First, we establish a crucial lemma:
\begin{lemma}[Key Soundness Lemma]
For any ciphertext decryption query $(x,e,\pi)$ that $A$ makes, if $\text{Dec}((sk,sk'),(x,e,\pi)) \neq \perp$ then $x \in \mathbb{L}$ except with negligible probability.
\end{lemma}
\begin{proof}[Proof of Lemma]
Suppose for contradiction that $x \notin \mathbb{L}$ but the decryption doesn't return $\perp$. This means:
\[ \pi = \mathcal{H}'_{sk'}(x, \text{CRHF}(x,e)) \]
By the 2-smoothness property of $\mathcal{H}'$, when $x \notin \mathbb{L}$, the value $\mathcal{H}'_{sk'}(x,t)$ is statistically indistinguishable from random, even given $pk'$. Therefore, the probability that $A$ can generate such a $\pi$ is at most $1/|\Pi|$, which is negligible.
\end{proof}
Now we proceed with the hybrid games:
\begin{itemize}
\item $\mathcal{G}_0$: The real CCA2 game.

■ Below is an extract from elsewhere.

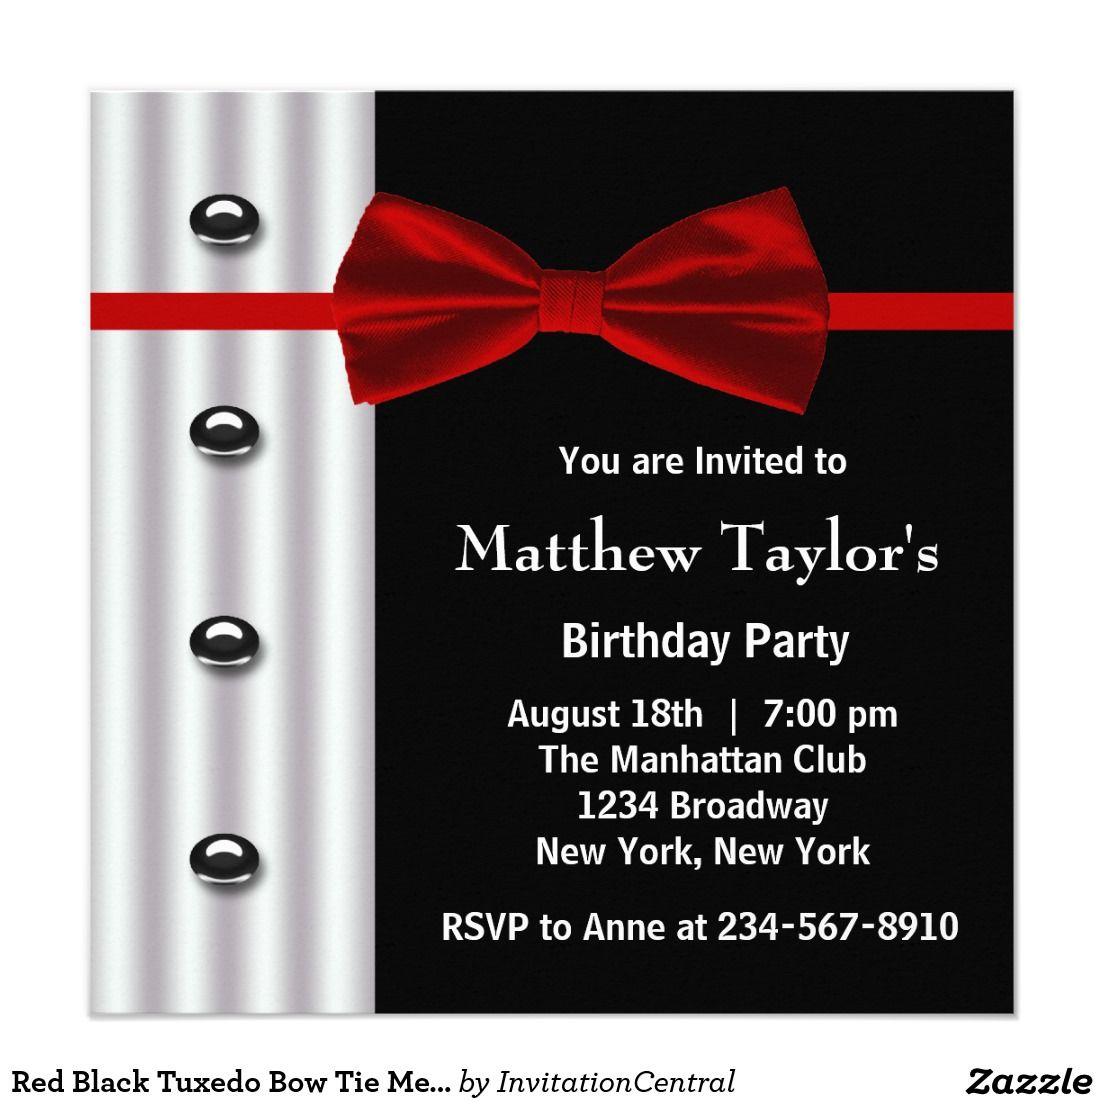 Red Black Tuxedo Bow Tie Mens Birthday Party Invitation | Pinterest ...

\item $\mathcal{G}_1$: Same as $\mathcal{G}_0$, but the challenger computes the challenge ciphertext's $e^*$ component using $sk$ instead of $pk$:
\[ e^* = \mathcal{H}_{sk}(x^*) \cdot m_b \]
instead of
\[ e^* = \mathcal{H}_{pk}(x^*,w) \cdot m_b \]

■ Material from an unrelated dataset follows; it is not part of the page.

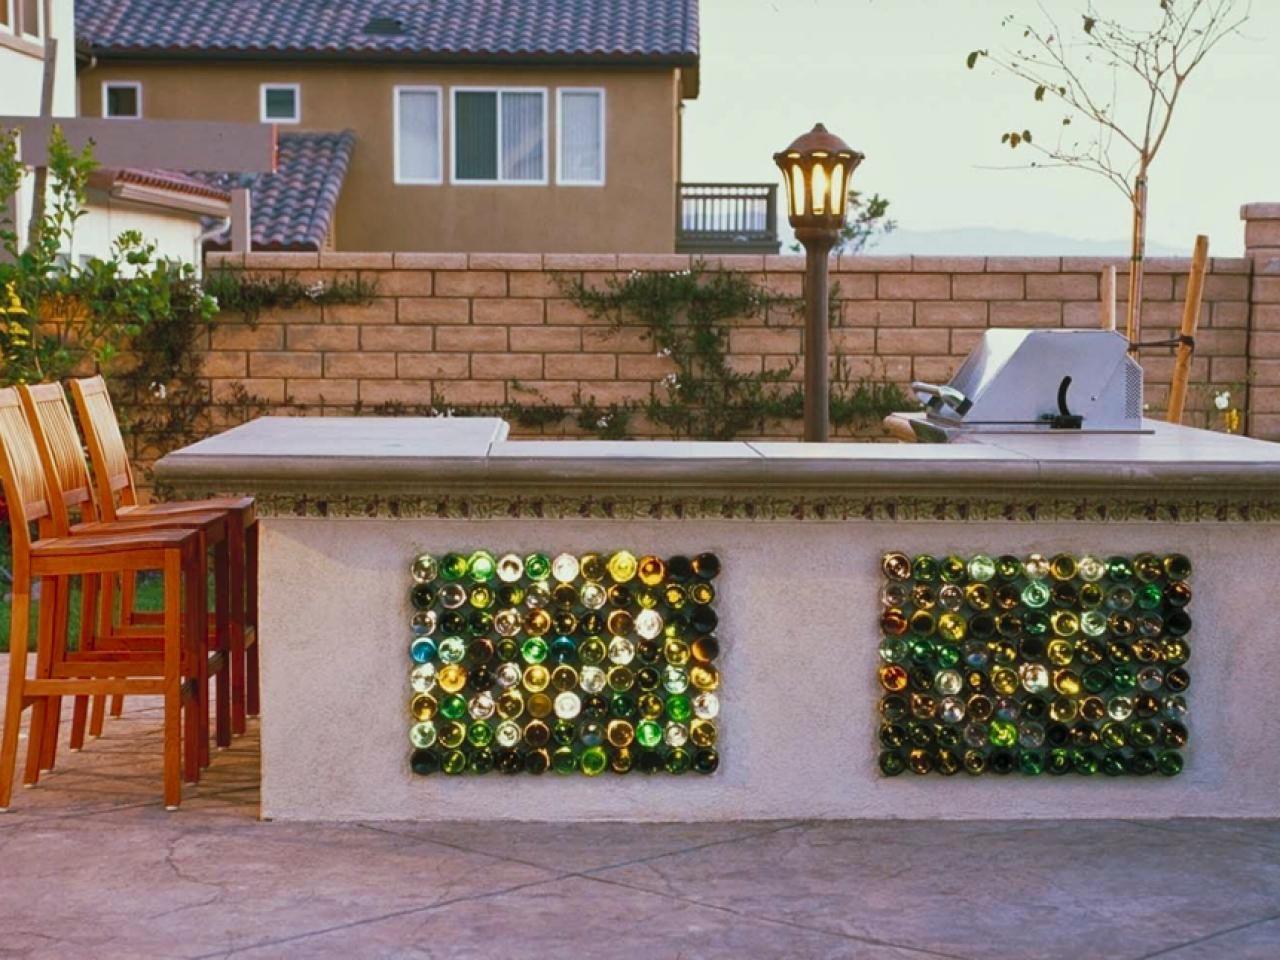 Pictures of Outdoor Kitchen Design Ideas u Inspiration Deck patio

By the correctness property of HPS, these are identical when $x^* \in \mathbb{L}$, so:
\[ \Pr[\mathcal{G}_0 = 1] = \Pr[\mathcal{G}_1 = 1] \]
\item $\mathcal{G}_2$: Same as $\mathcal{G}_1$, but now the challenger samples $x^* \gets \mathbb{X} \setminus \mathbb{L}$ instead of from $\mathbb{L}$.
By the hardness of distinguishing elements in $\mathbb{L}$ from elements in $\mathbb{X} \setminus \mathbb{L}$ (which follows from the DDH assumption in our concrete construction):
\[ |\Pr[\mathcal{G}_1 = 1] - \Pr[\mathcal{G}_2 = 1]| \leq \epsilon_{\text{DDH}} \]
\item $\mathcal{G}_3$: Same as $\mathcal{G}_2$, but replace $\mathcal{H}_{sk}(x^*)$ with a uniform random value $u \gets \Pi$ in computing $e^*$:
\[ e^* = u \cdot m_b \]
By the smoothness property of $\mathcal{H}$, since $x^* \notin \mathbb{L}$:
\[ |\Pr[\mathcal{G}_2 = 1] - \Pr[\mathcal{G}_3 = 1]| \leq \epsilon_{\text{smooth}} \]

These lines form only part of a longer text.